At lunch hour, thousands of people are calling their banks to take care of
personal business. They're following the prompts to enter their account numbers
and the last four digits of their PIN or Social Security numbers. Then they're
transferred to live agents who ask for the same information.
Customers may wonder why they need to repeat themselves - and perhaps why their
mortgage statement or credit card bill goes to a former address, even though
they've called to update their records. This poor service is due in part to
poor integration of systems and customer information, which in turn leads to
the situations that frustrate customers every day.

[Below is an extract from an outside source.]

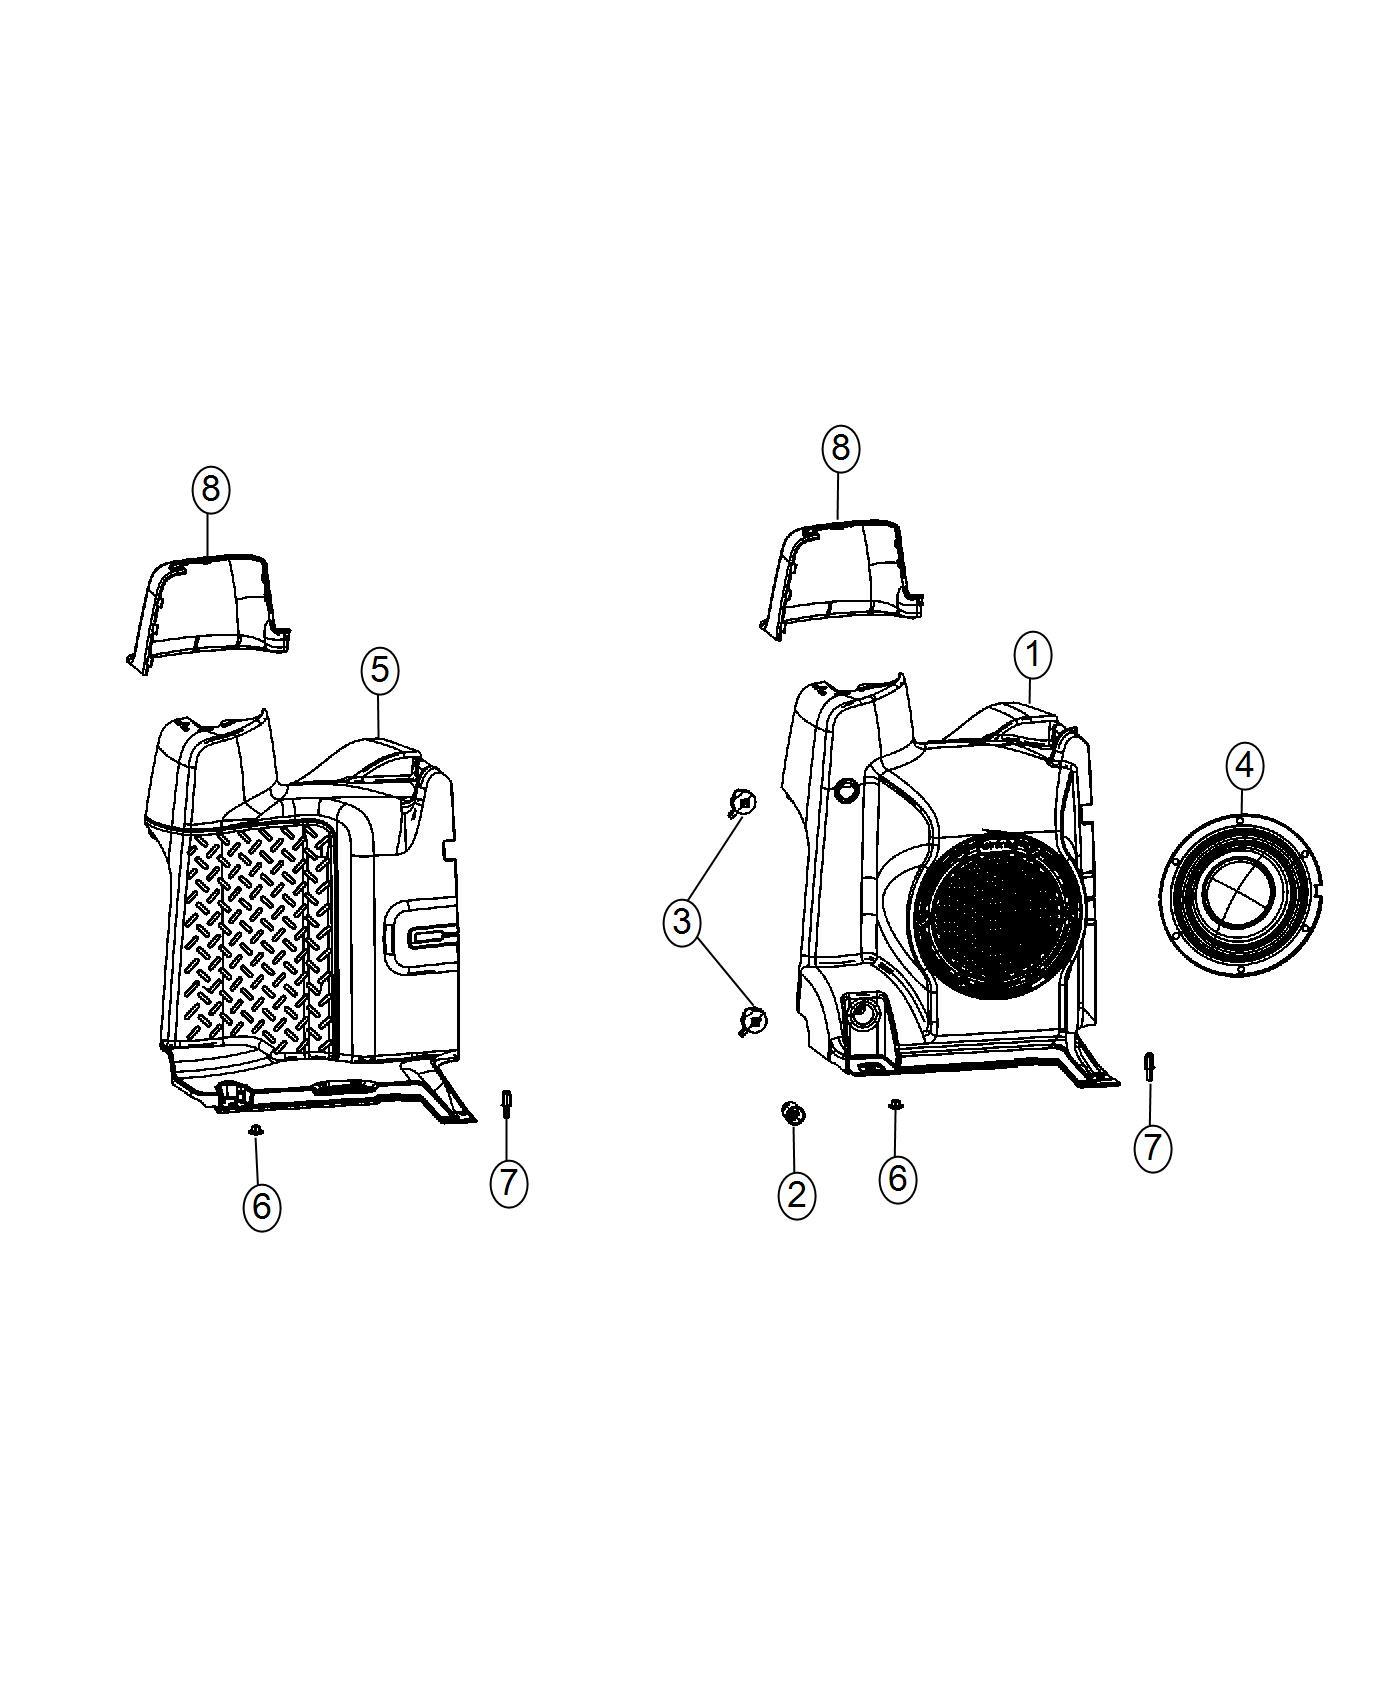 2016 jeep wrangler stud  1 end  m6x1 00x22 00  trim

The notion of customer relationship management based on a single, unified view
of the customer seems so…last century. But it isn't. Gartner Research says that
40 to 75 percent of the information required in this banking scenario does not
reside in one single system.¡ Despite
the promise of CRM products offered in the late 1990s, the inflexible reality
of that technology often meant considerable and costly customization projects.
Old Problem
Because many business managers have experienced or read about these types of
CRM implementations gone awry, they are savvier about the issues that confront
customer relationship management. Our experience shows that the challenge
hasn't changed and neither has the goal; it's still every company's aim to
deliver greater satisfaction through service, sales and support that are
informed by a consistent, comprehensive understanding of the individual
customer.
What's different today is the understanding that a CRM application can't
guarantee personnel will actually use CRM technology to improve business
performance. Staff use purpose-built systems for marketing, sales, or resource
planning. They also use basic communication and information systems, from the
telephone to e-mail and scheduling software. But when these tools aren't
connected, plenty of valuable customer information gets lost.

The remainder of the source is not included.